Single by Karen Carpenter
- B-side: "Looking for Love"
- Released: 1966
- Recorded: 1966
- Genre: Soft rock
- Length: 2:25 (A) 1:52 (B)
- Label: Magic Lamp
- Songwriter: Richard Carpenter
- Producer: Joe Osborn

Karen Carpenter singles chronology
|  | "I'll Be Yours" (1966) | "Ticket to Ride" (1969) |

= Looking for Love (Karen Carpenter song) =

"I'll Be Yours" b/w "Looking for Love" is a single released under Karen Carpenter's name by the early incarnations of the Carpenters.

==Background==
The songs on the single were written by Karen's brother, Richard Carpenter and were recorded in 1966, when Karen was 16.

==Release==
The single was released by a small label Magic Lamp under "Karen Carpenter" name despite the involvement of Richard Carpenter.

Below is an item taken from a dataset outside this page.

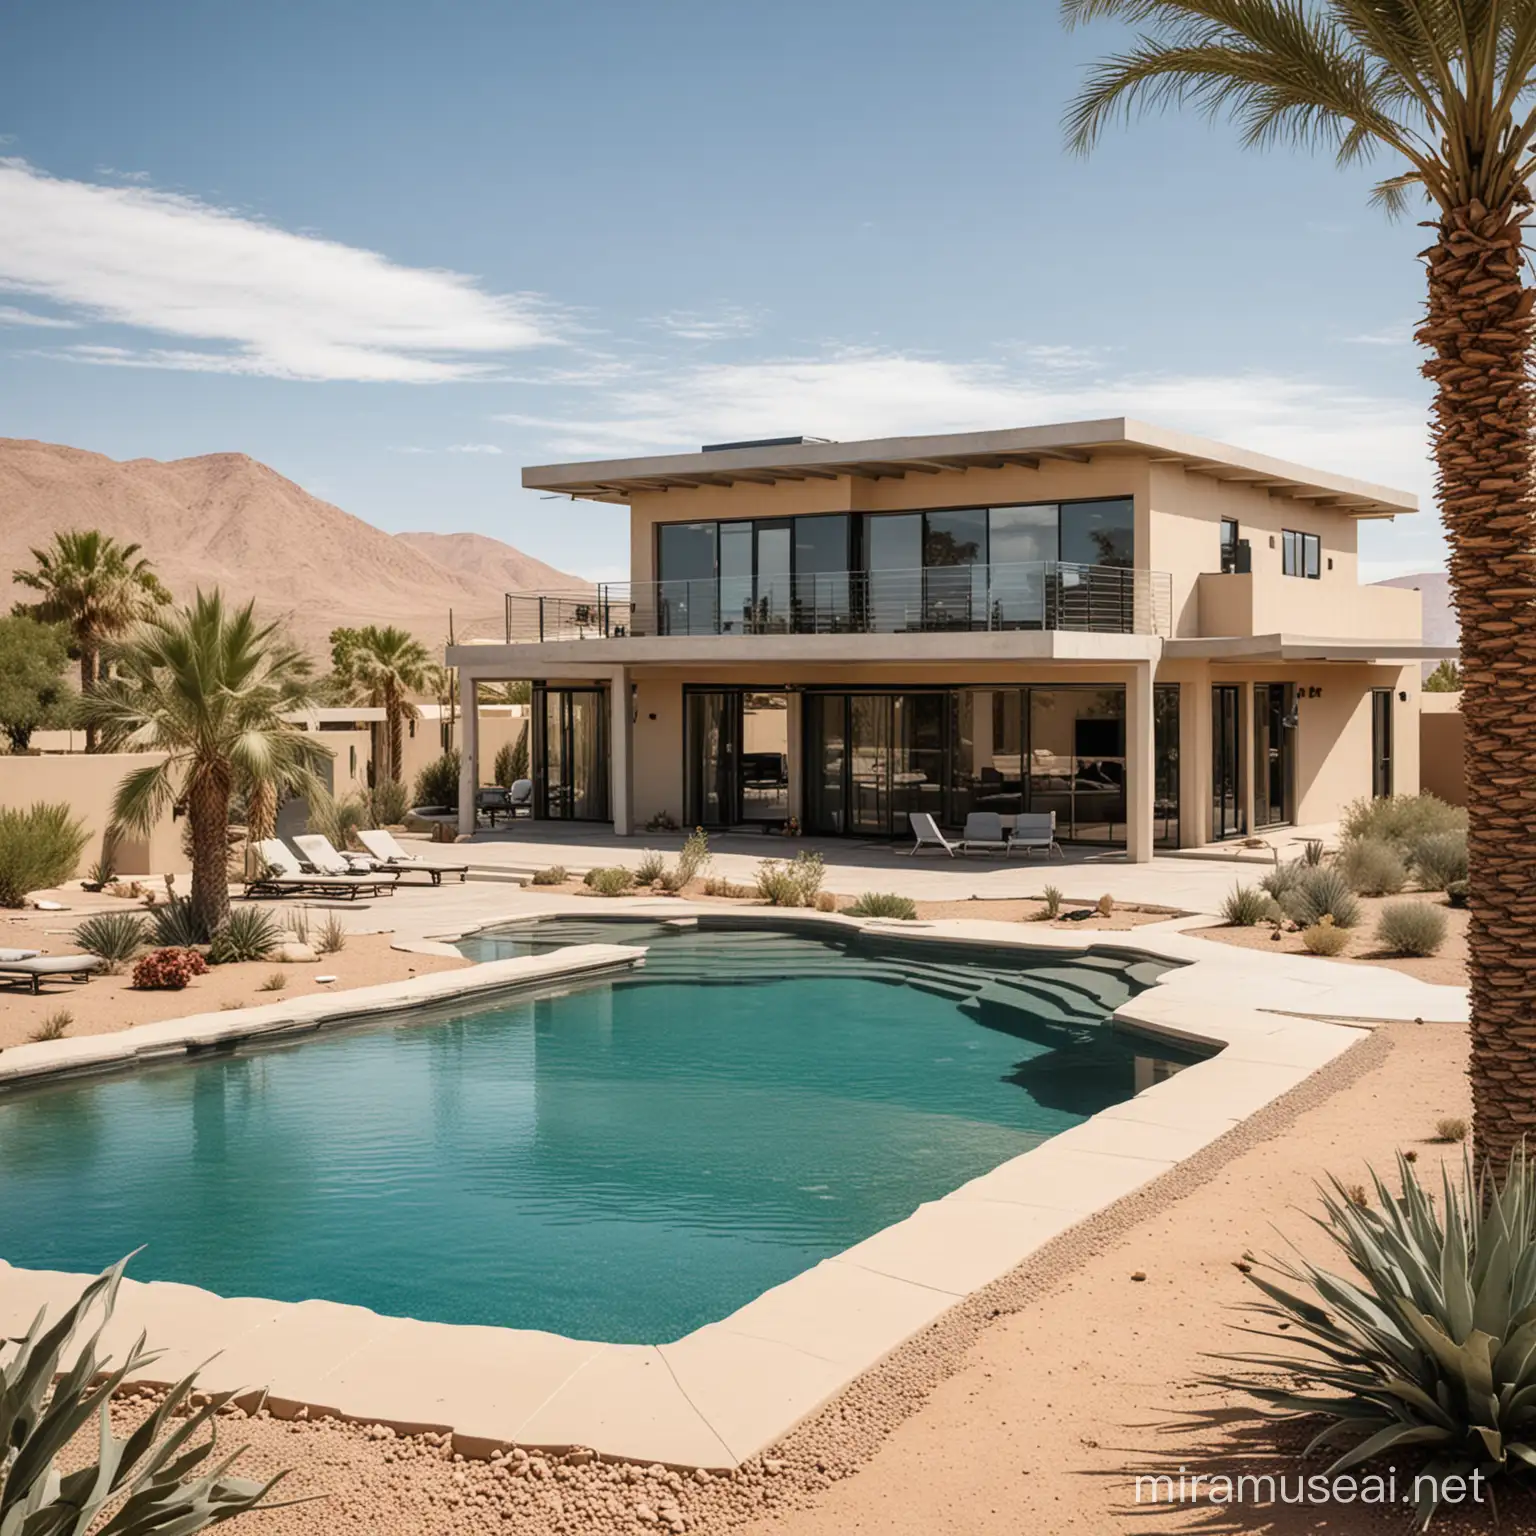 Оазис посреди пустыни с небольшим двухэтажным домом в стиле хайтек и бассейном возле дома

Only 500 copies of the 45 rpm single were pressed. The single did not chart commercially, and it led the label Magic Lamp to defunct.

The single was later included on the 1991 Carpenters box set From the Top. According to the liner notes for the album From the Top, the master tapes for these recordings were lost in a fire at Joe Osborn's house in 1974. All CD reissues have been made from a 45 rpm copy owned by Richard Carpenter.